Using only the entries below, copy exactly the lines that begin at the one with "Tesla Cybertruck Folding" and end at the one with "A Japanese woodblock", both included. Drop the pictures.

▸ Supplied data:
*****

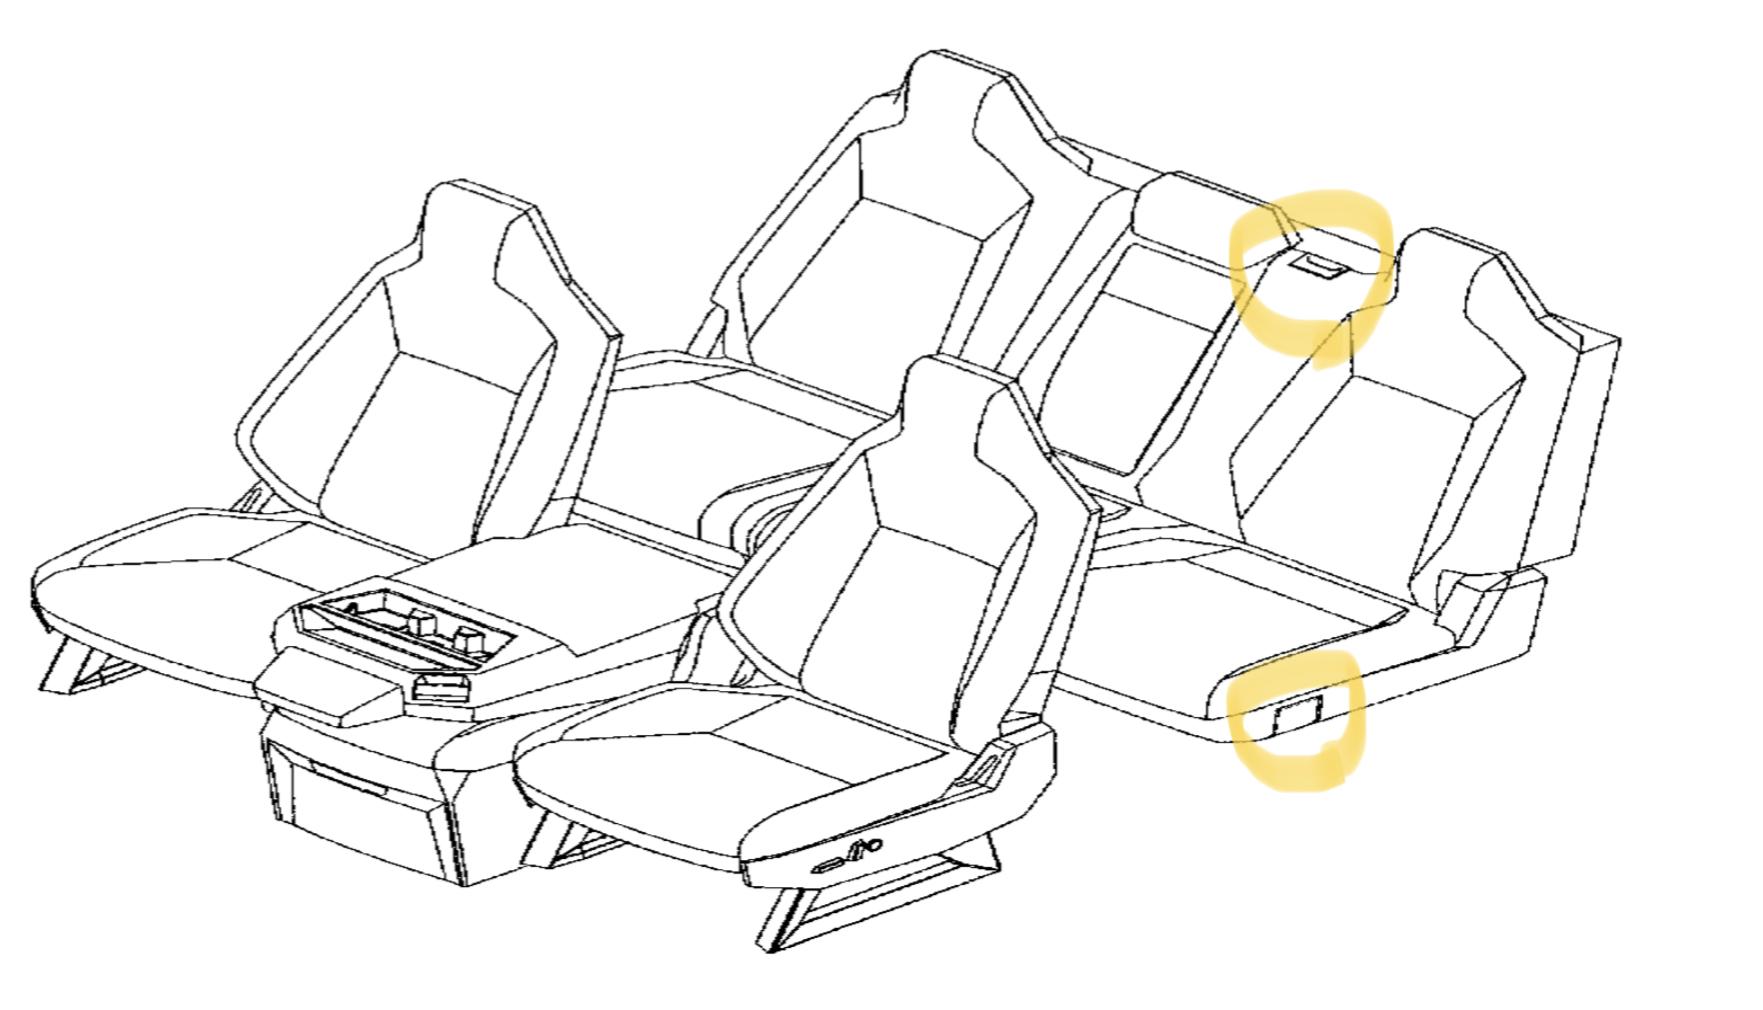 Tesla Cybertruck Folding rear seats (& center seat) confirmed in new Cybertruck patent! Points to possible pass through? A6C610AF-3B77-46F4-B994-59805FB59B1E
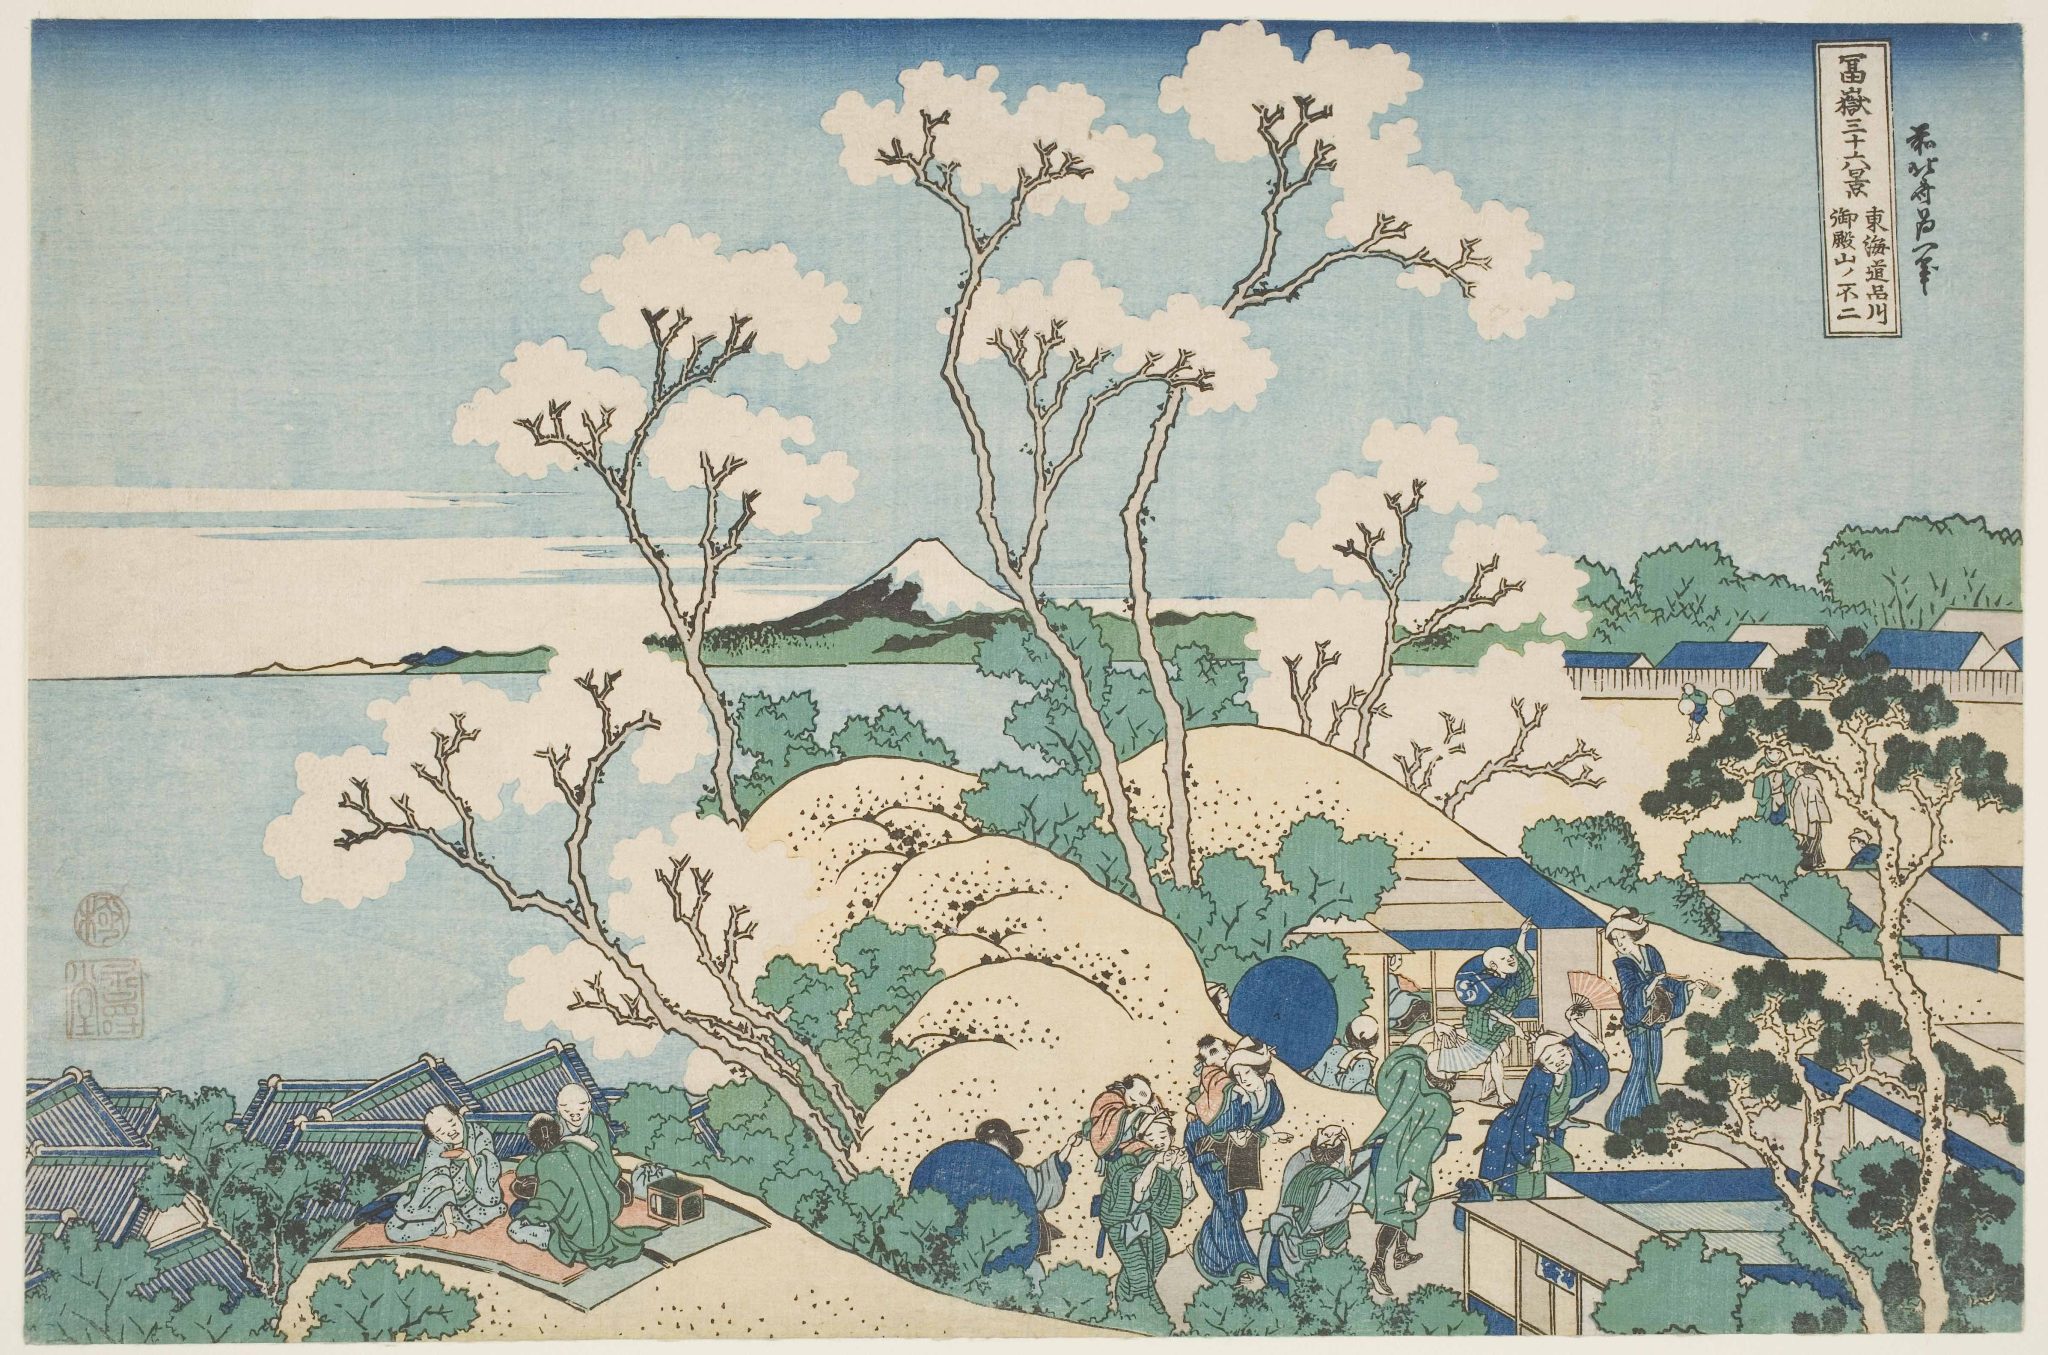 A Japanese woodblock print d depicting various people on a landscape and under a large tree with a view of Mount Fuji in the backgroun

*****

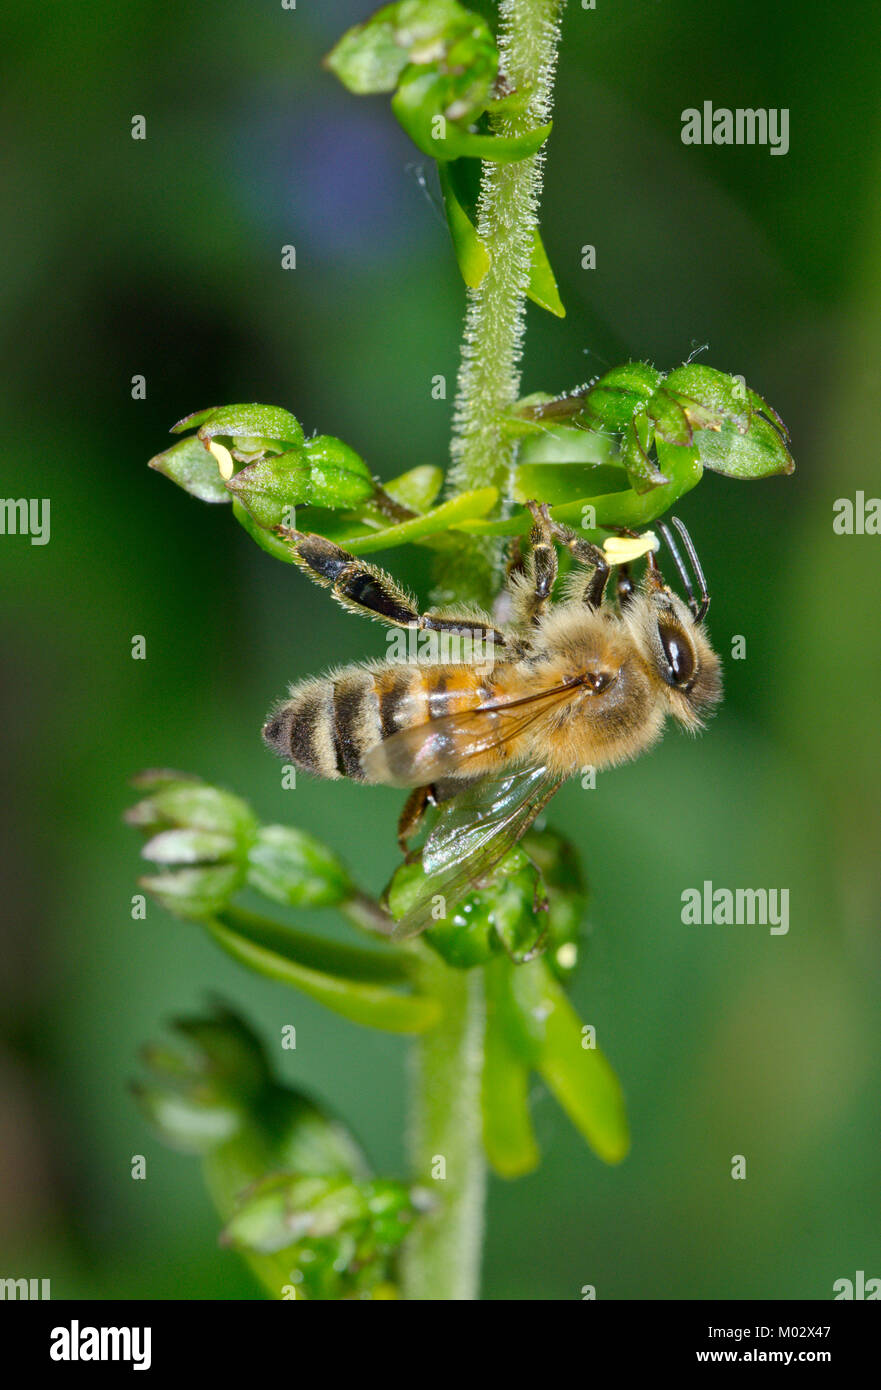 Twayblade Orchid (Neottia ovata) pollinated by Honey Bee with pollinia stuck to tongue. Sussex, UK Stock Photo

*****

▸ Result:
 Tesla Cybertruck Folding rear seats (& center seat) confirmed in new Cybertruck patent! Points to possible pass through? A6C610AF-3B77-46F4-B994-59805FB59B1E
 A Japanese woodblock print d depicting various people on a landscape and under a large tree with a view of Mount Fuji in the backgroun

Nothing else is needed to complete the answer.